Пройти обряд посвящения

Суровый климат российского Дальнего Востока, где на протяжении многих сотен лет обитали чукчи, нивхи, нанайцы, ульчи, орочи, удэгейцы, эвены и другие коренные малочисленные народы Севера, требовал от человека физической выносливости, умения противостоять опасности, глубоких знаний об окружающей среде, потому что от удачи охотников и рыбаков напрямую зависела жизнь рода. О силе и ловкости чукчей писал исследователь и государственный деятель Николай Гондатти, возглавлявший с 1894 по 1897 год на Чукотке Анадырскую округу. Виртуозами-нанайцами, чьи лодки «летели как птицы», восхищался путешественник и натуралист Николай Пржевальский, побывавший в 1870 году на реке Уссури.

Традиционная система воспитания коренных народов Нижнего Амура имела четкие гендерные разграничения. Обучением мальчиков занимались мужчины, прививая им с раннего возраста навыки добытчиков, а будущих хранительниц очага во все премудрости быта посвящали женщины. Даже игрушки для сыновей делали только отцы или старшие мужчины рода, а для дочерей — матери, бабушки, сестры.

Но главное, малыши росли в атмосфере нежности и заботы, на них нельзя было кричать и уж тем более бить. Это отмечали многие этнографы, в том числе выдающийся исследователь Севера Владимир Иохельсон, изучавший в конце XIX века коряков. Он подчеркивал, что, несмотря на отсутствие наказаний и безграничную любовь со стороны родителей, дети были «кротки и послушны», а старшие пользовались у них несомненным авторитетом. Со временем уважительное отношения к взрослым членам семьи перерастало в чувство ответственности за них, что характерно для многих народов. Интересны на этот счет сведения чиновника особых поручений Приамурского генерал-губернаторства князя Константина Дадешкелиани, совершившего в 1886 году длительную экспедицию по Приамурью и Амурской области и побывавшего в «стране» тунгузов (устаревшее название эвенков — Е. Г.). Лучшей иллюстрацией внутреннего мира этого народа, к тому времени уже принявшего христианство, исследователь называет их песни. Перевод одной из них представляет особый интерес: «У меня есть мать, которая меня родила и белый свет мне показала: молю тебя, мой Бог, дать мне возможность ее прокормить». В новом тысячелетии уклад жизни коренных этносов стал иным, но традиция заботиться о старших сохранилась. В амурских селах мне не раз приходилось наблюдать, как подростки возвращались с рыбалки и часть улова приносили одиноким старикам.

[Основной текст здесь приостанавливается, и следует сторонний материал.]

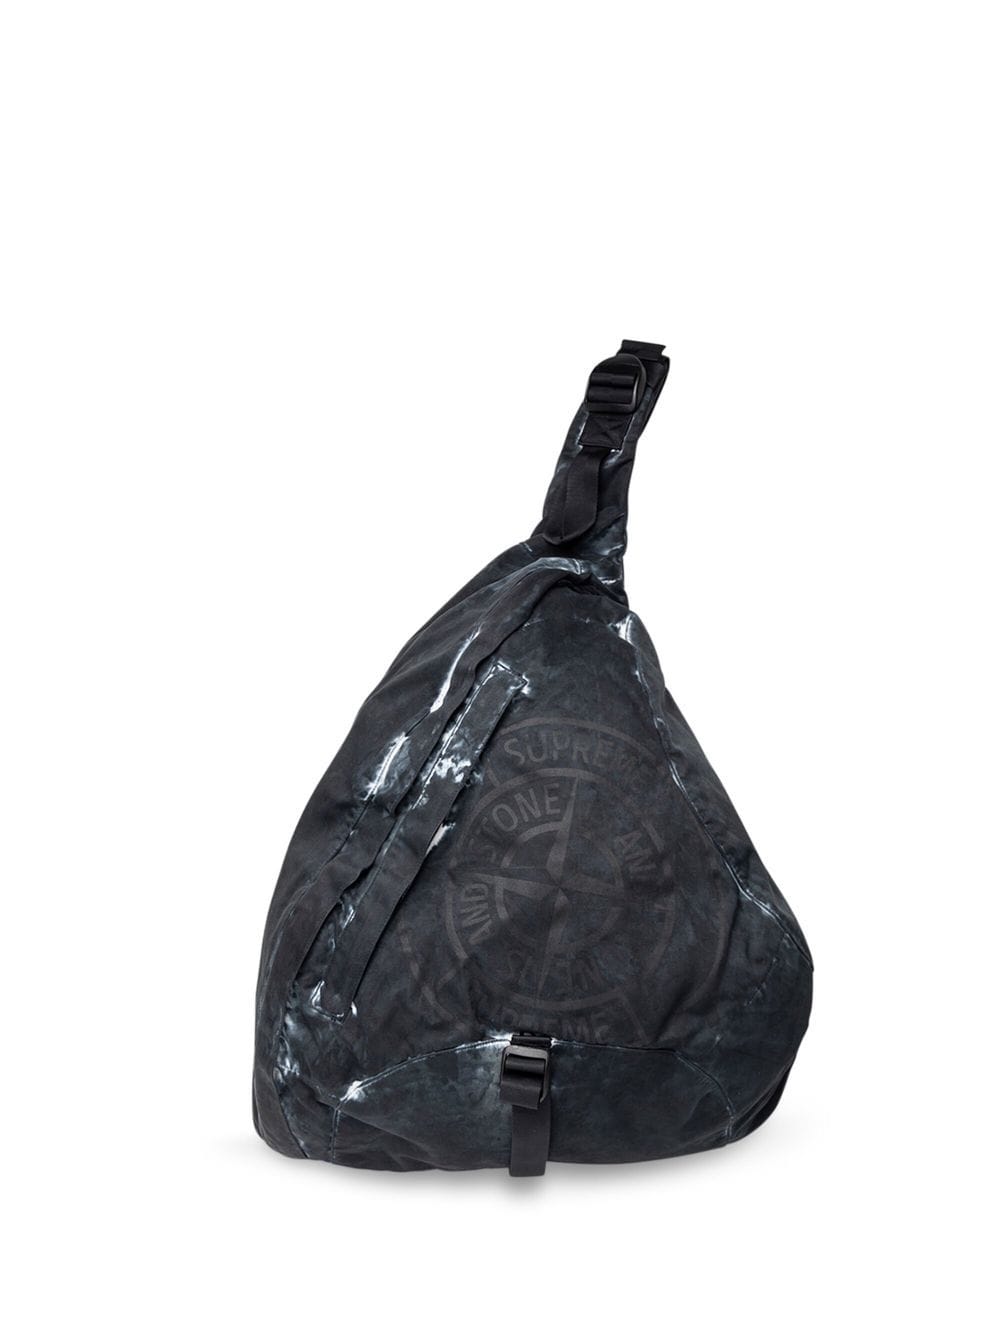 Supreme x Stone Island Printed Camo Shoulder Bag - Farfetch

В этнопедагогике северных народов главная роль всегда отводилась семье и личному примеру родителей и других родственников — настоящая школа жизни, хотя и совершенно ненавязчивая. Здесь никогда не учили чему-либо специально, но незаметно включали в повседневные дела, давали посильные поручения, исподволь делились опытом. Будущие рыбаки и охотники наблюдали за взрослыми и формировали представления об этических нормах и системе запретов, узнавали секреты успешного промысла. Люди реки и тайги по рождению, они с ранних лет выстраивали взаимоотношения с природой, учились читать страницы этой настоящей книги таинств. Сказки, легенды и предания тоже были своего рода учебниками, из них узнавали о главных духовных ценностях, обычаях, образе жизни соплеменников.

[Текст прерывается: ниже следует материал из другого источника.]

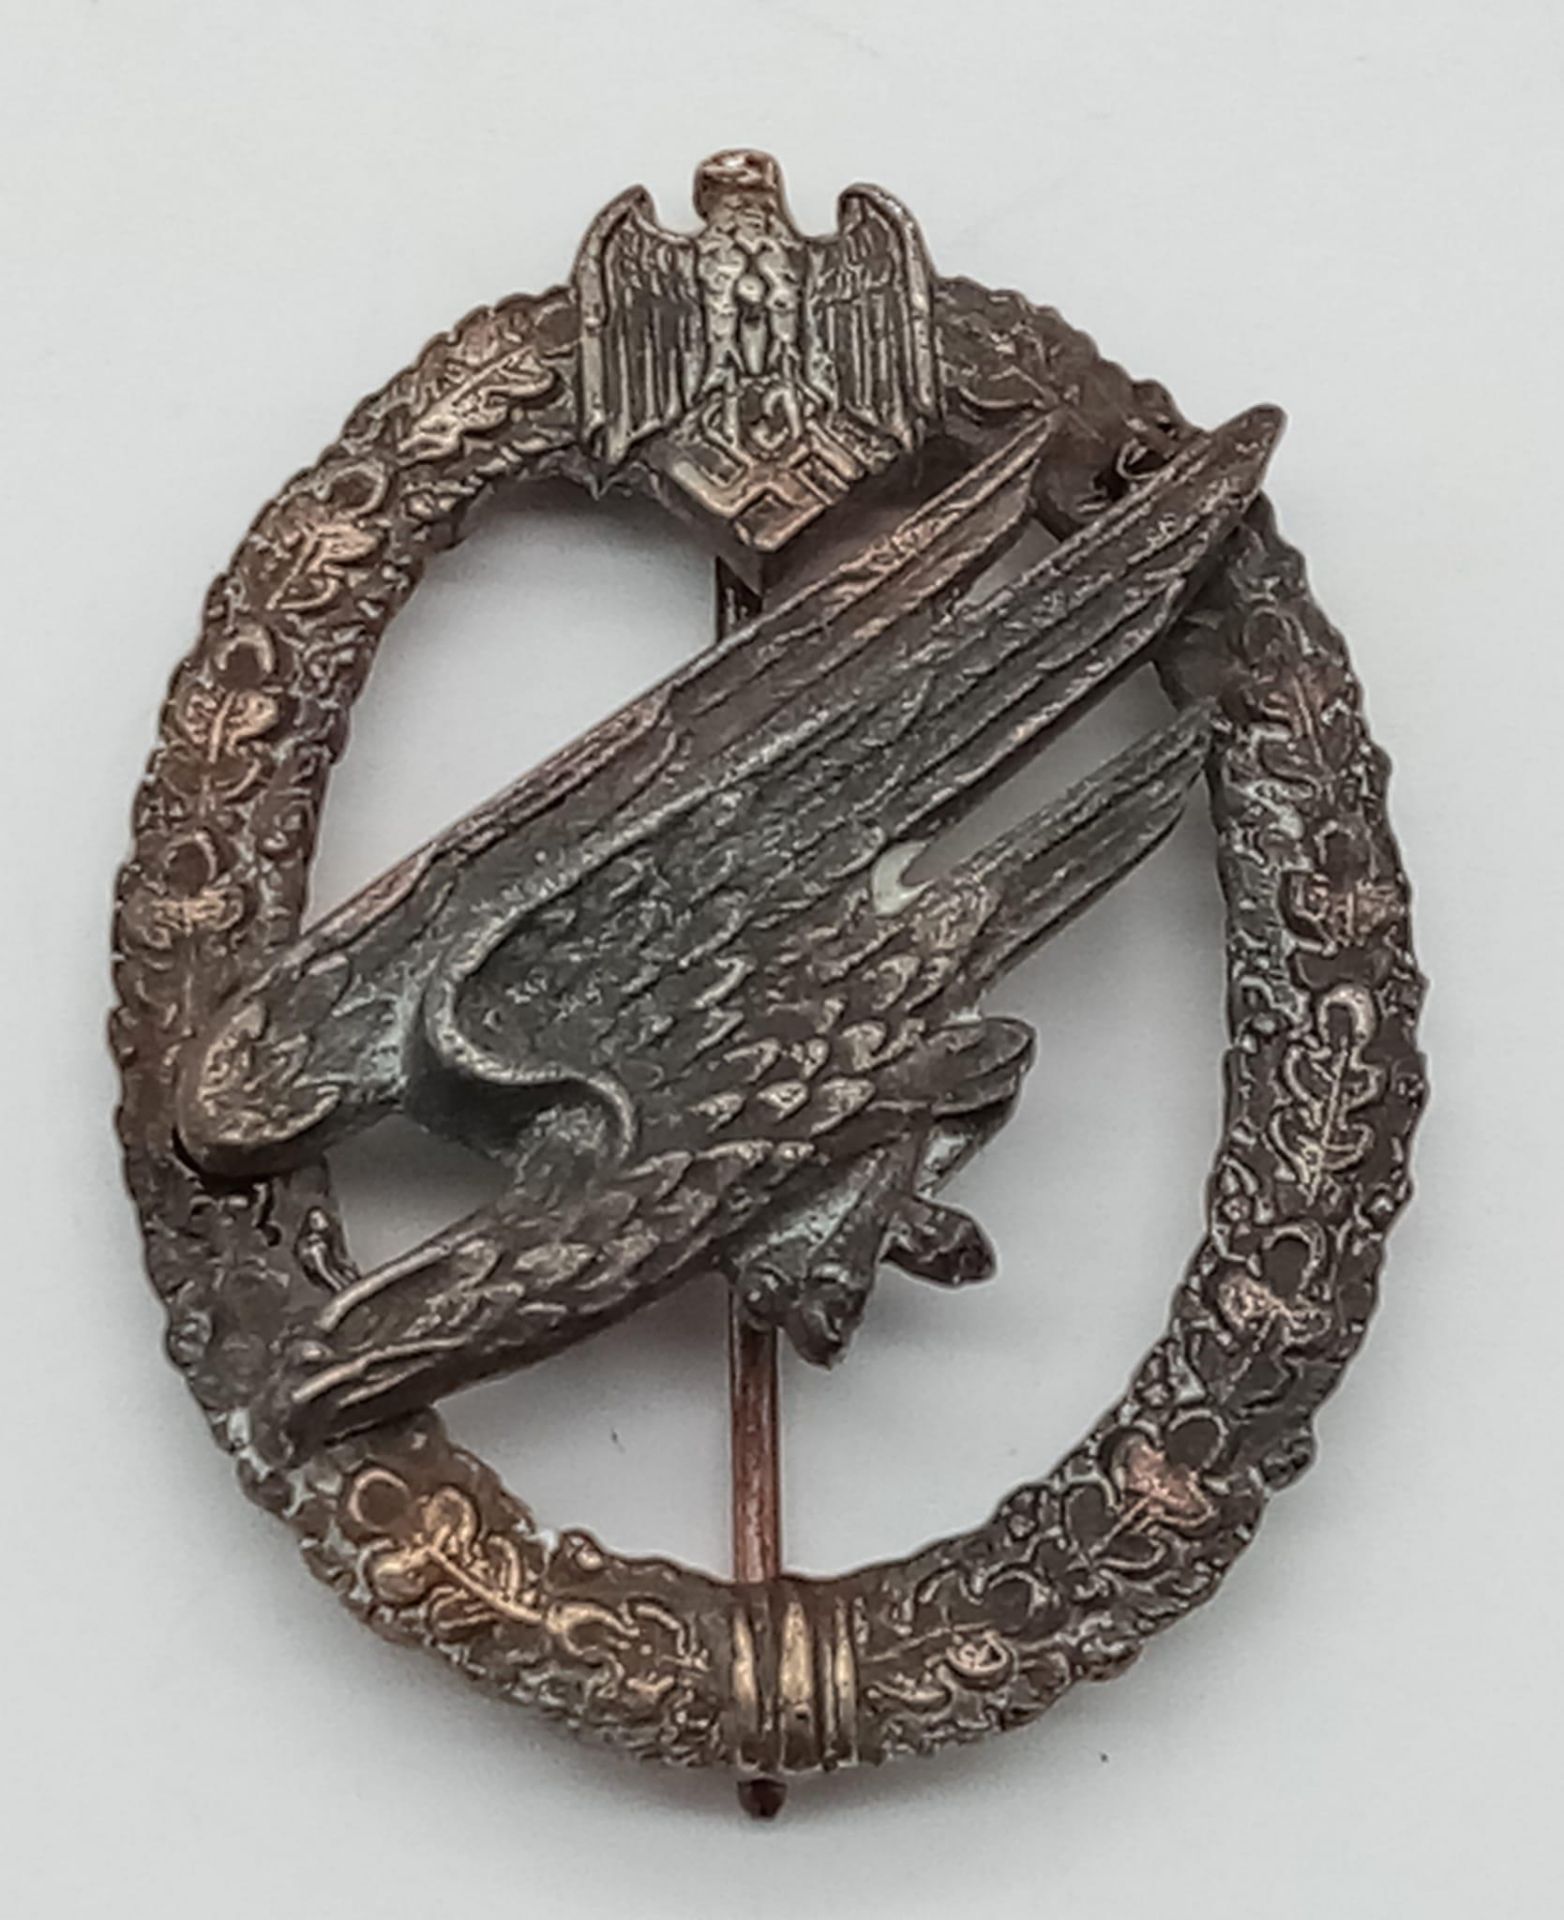 3rd Reich Fallschirmjäger (Army Paratrooper) Qualification Badge. Maker JMME & Sohn Berlin.

Игрушечный арсенал сегодняшней детворы из национальных поселений самый обычный — машинки, персонажи известных комиксов, конструкторы. А какую-нибудь сотню лет назад это были уменьшенные копии взрослых орудий промысла, вырезанные из дерева маленькие лодочки с веслами, нарты с упряжью и собачками, лук и стрелы. С их помощью мальчик разыгрывал «взрослые» сюжеты, из них складывалась картина его будущей жизни. Когда немного подрастал, наступало время перехода в мир настоящих мужчин — обычно в 10–12 лет. Он отправлялся с отцом на промысел, чтобы добыть свою первую рыбу или зверя, возил дрова для очага, а если принадлежал к оленным народам — заботился о стаде.

Первый улов сына в семьях нанайцев, ульчей, нивхов считался важным событием, и по этому поводу устраивали праздник. У чукчей вернувшегося с первым трофеем юного охотника встречал старейшина, они устраивали символическую борьбу, в которой побеждал подросток и таким образом закреплял за собой статус удачливого добытчика. Многие поколения удэгейцев проходили через обряд посвящения в охотники: в 12 лет отец дарил сыну лук и семь стрел, если тому удавалось подстрелить кабаргу или подсвинка, он получал уже девять стрел и копье, отправлялся добывать более крупного зверя, а по случаю успешной охоты устраивали торжество с ритуальными играми и танцами.

Тему быстрого взросления удивительно точно раскрыл Чингиз Айтматов в «Пегом псе, бегущем краем моря». Отправившийся на свою первую охоту нивх Кириск прошел через испытание стихией, потерял близких, но вернулся к родному берегу настоящим мужчиной, у которого появилась звезда-охранительница. Эта трагичная и одновременно светлая повесть воспринимается как метафора мужества и любви к своей земле.

«Мальчики проходят суровую школу, чтобы приучиться переносить лишения, холод и усталость», — писал Иохельсон о коряках. «Жизнь детей у приморских чукоч не так легка и привольна», — отмечал этнограф Владимир Богораз. Подобные методы воспитания характерны для всех, кто находился в условиях постоянной борьбы за выживание. Именно поэтому серьезное место в этнопедагогике северян отводилось физической подготовке детей. Существовала целая система игр для развития ловкости, меткости, выносливости и наблюдательности. В селениях эвенов играли в «стадо»: «олени» держали над головой небольшие рога, а «пастухи» ловили их маутами. Орочи с ранних лет овладевали стрельбой из лука и могли уворачиваться от стрел. Ульчи целились острогой в связанную из еловых ветвей и быстро передвигающуюся с помощью одного из игроков «нерпу», удэгейцы учились грести веслами у берега. Чукчи для развития мышц ног привязывали к икрам утяжелители — кожаные мешочки с галькой или песком. Существовали всевозможные варианты забав с камешками, палочками, косточками, развивающие гибкость и подвижность рук, координацию движений, точность реакций — все то, от чего зависела охотничья и рыбацкая удача.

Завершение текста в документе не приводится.